A housing agency is good news - but details count
Today we have what is potentially some very good news. Ten years after Common Weal first set out the model, it finally looks like Scotland may get a National Housing Agency. This has been announced as the intention of the SNP administration if, as looks highly likely, it is elected back to power in May.
Of course, very little details is available and recently government in Scotland is defined not by the delivery of ambitious projects but rather by the complete failure of any project which was ambitious in scale – to include the National Energy Company, National Care Service and Deposit Return Scheme in particular. It must get delivery right this time.
Of the detail that is available, some is encouraging, including large scale affordable housing projects, a focus on rural housing and closer working with the Scottish National Investment Bank. But some others do give some reason for concern.

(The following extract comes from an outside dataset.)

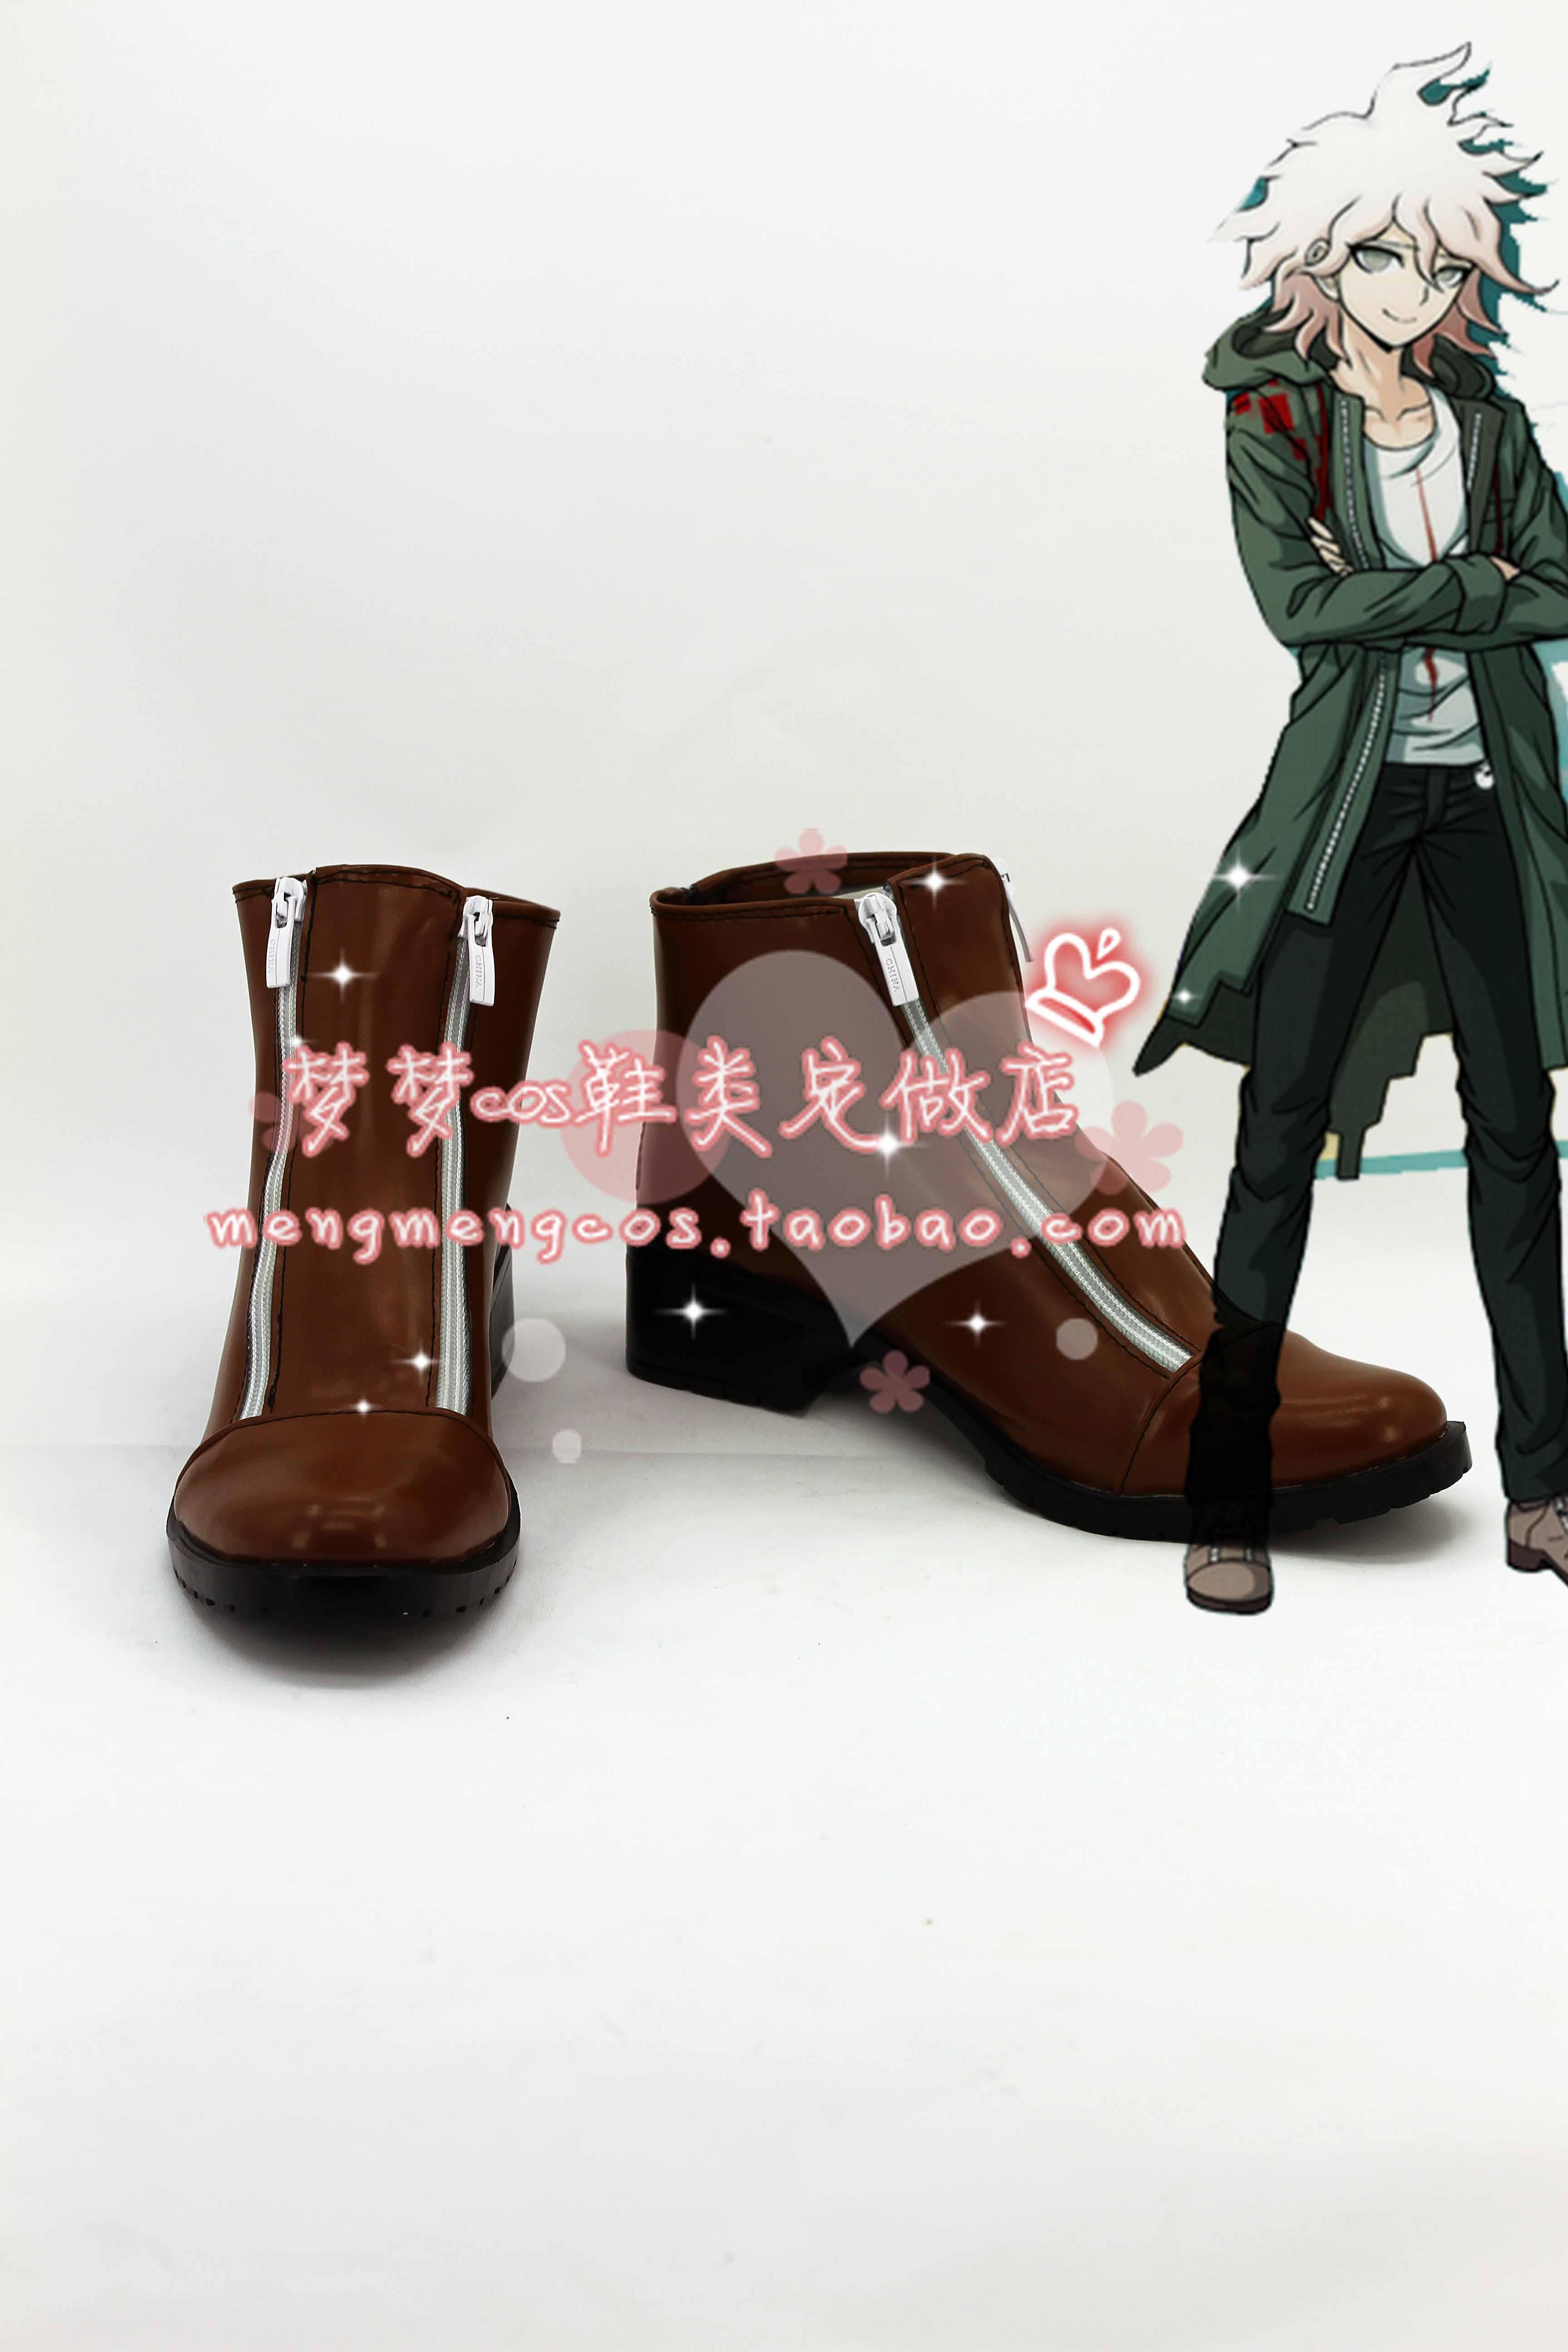 Danganronpa Dangan-Ronpa Nagito Komaeda Cosplay boots shoes<br><br>Aliexpress
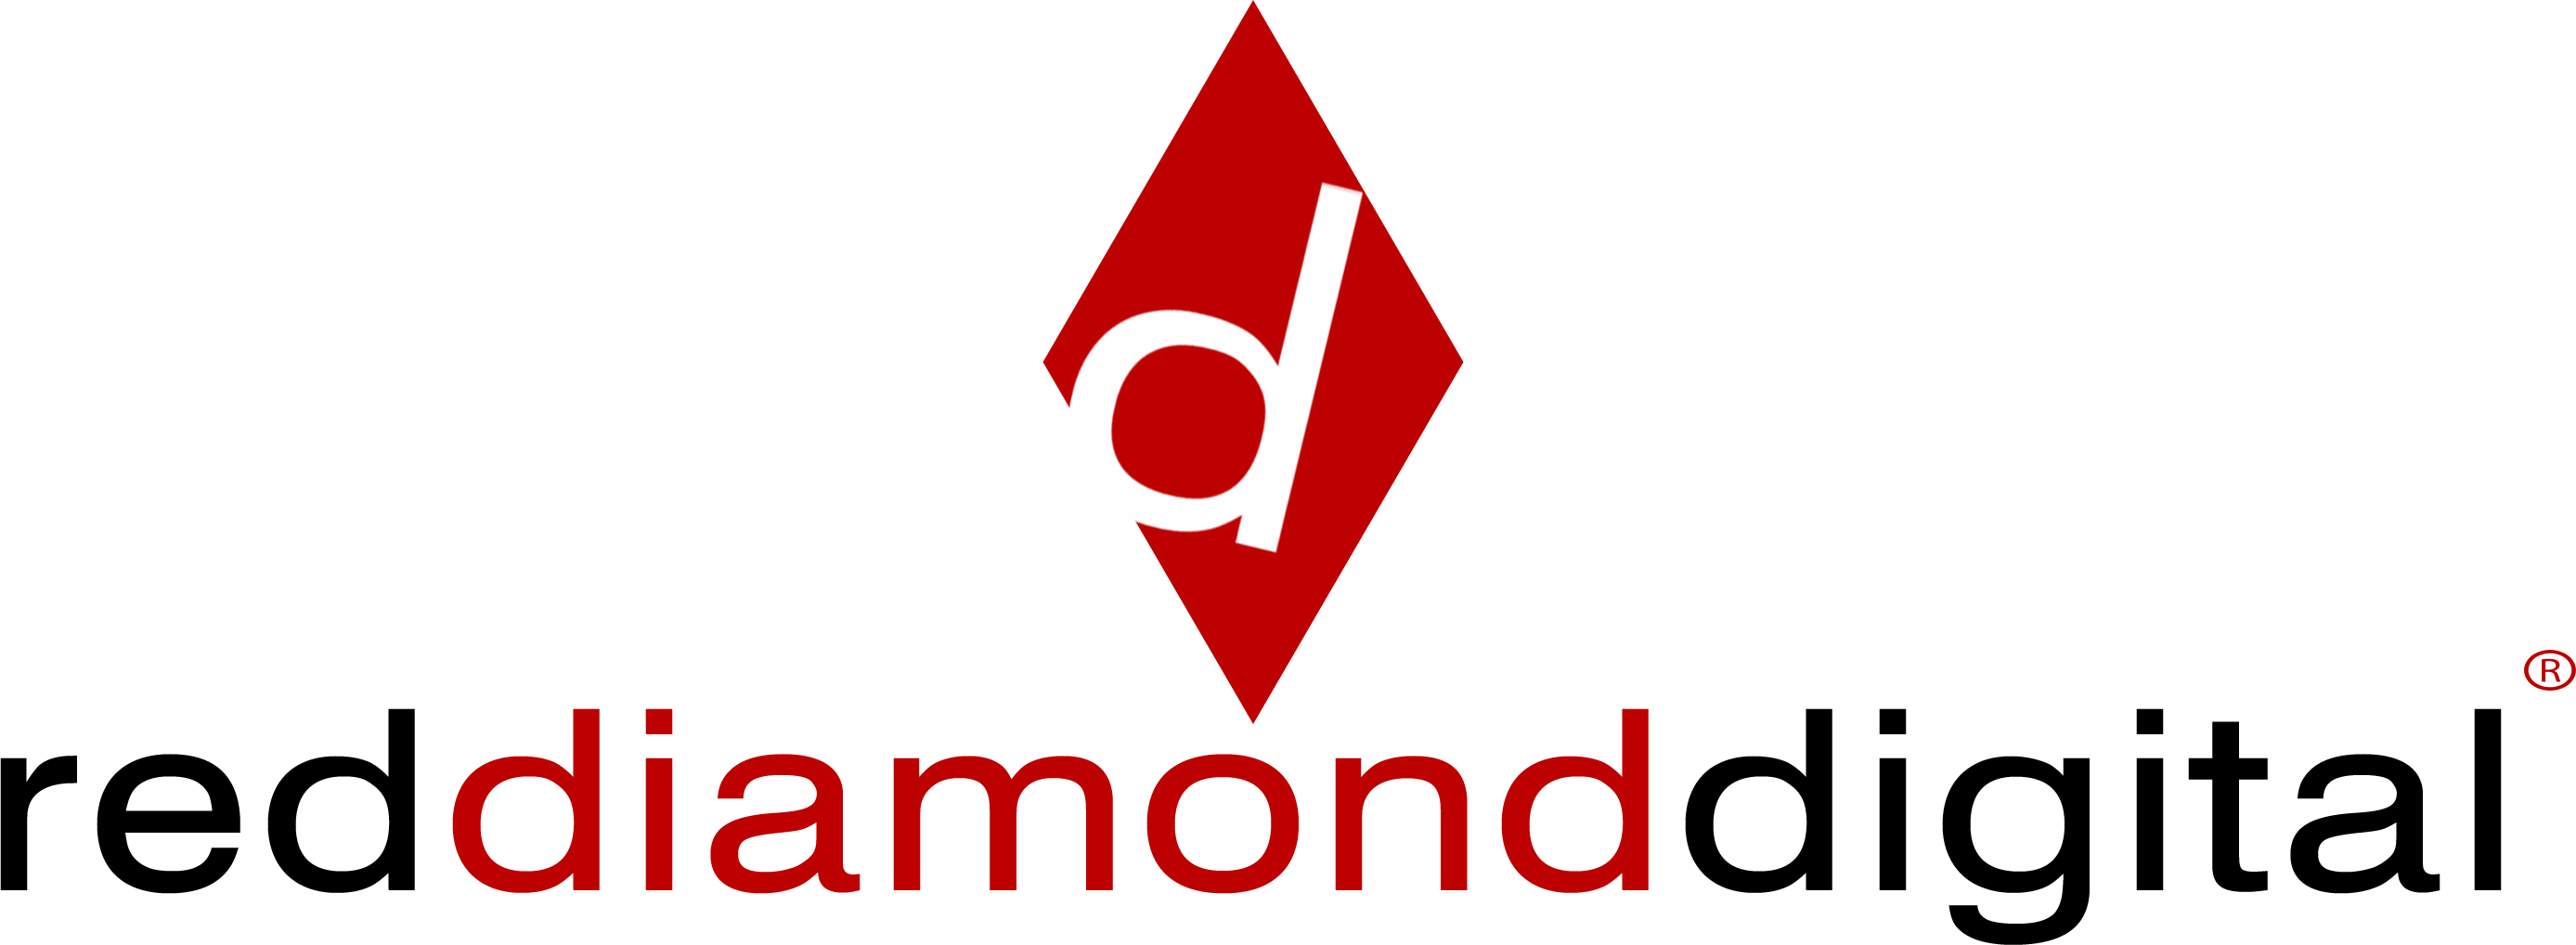 Red Diamond Digital Portfolio

Particularly worrying is the suggestion that a part of the role of the agency is to unlock land for development. While this might sound unobjectionable, that very much depends on what it means. Will this be three parts 'handing valuable land to commercial developers' to one part mass affordable homes?
This question gets to the heart of the fundamental issue with this whole concept – what exactly is it for? Is it simply to increase volume of housebuilding by any means necessary, probably meaning turbo-charging commercial development? Or is it about rebalancing the housing market towards tenant-and-buyer focussed benefits rather than economic development ones?
To put that another way, there is a fundamental question which can be asked which will reveal whether this agency is a force for good in reshaping the housing market or if it is a conservative force maintaining the status quo – if this initiative is successful, will it increase house prices or reduce them?
This is the contradiction which has been at the heart of housing policy for a long time now. Sometimes it is seen as a social policy focussed on first time buyers, tenants and affordability. Other times it is discussed purely as an economic policy there to boost GDP growth.
If the former priority is followed, it would constraint and actually push down on house prices. If it is the latter ,you would expect policy to inflate house prices. And of course the reality is very much that house prices have continued to outpace inflation in the devolution years.
It is an outright contradiction to believe it can be both these things at once. With housing you cannot create just some housing that is affordable while still inflating the average cost. That is a myth. If you supply significantly more affordable housing in any meaningful way, it would push down on the entire housing market, just like it would in any market.
Reducing housing costs is very much in the interests of most of Scotland and is the only way we will ever tackle the housing emergency – but it is bad for big property developers and it is bad for speculative investors. Generally in situations like this the Scottish Government says that this is a false choice and that both can have their interests served, but then goes on to prioritise the commercial interests.
Nevertheless, this is the structural model Common Weal has been pushing for a decade – a National Investment Bank to supply capital, a housing agency to make the housing sector work for citizens rather than investors by focussing on high-quality, low-cost supply, and a National Infrastructure Company to ensure that public infrastructure is also developed to the highest standard in the national interest.
There is enormous potential in this initiative if the Scottish Government gets it right. It is an exciting opportunity for a much-needed transformation of construction technologies and techniques in Scotland. And it could also give us a chance to revolutionise our currently-poor town and area planning.
So there is much in this to hope for but plenty of recent history to raise concern. It will be at least two years before this agency is working and between now and then, Common Weal will be going all out to provide policy work and thinking which gives us the best chance of creating the best agency we can.
It is ten years too late, but this is an important step forward nontheless.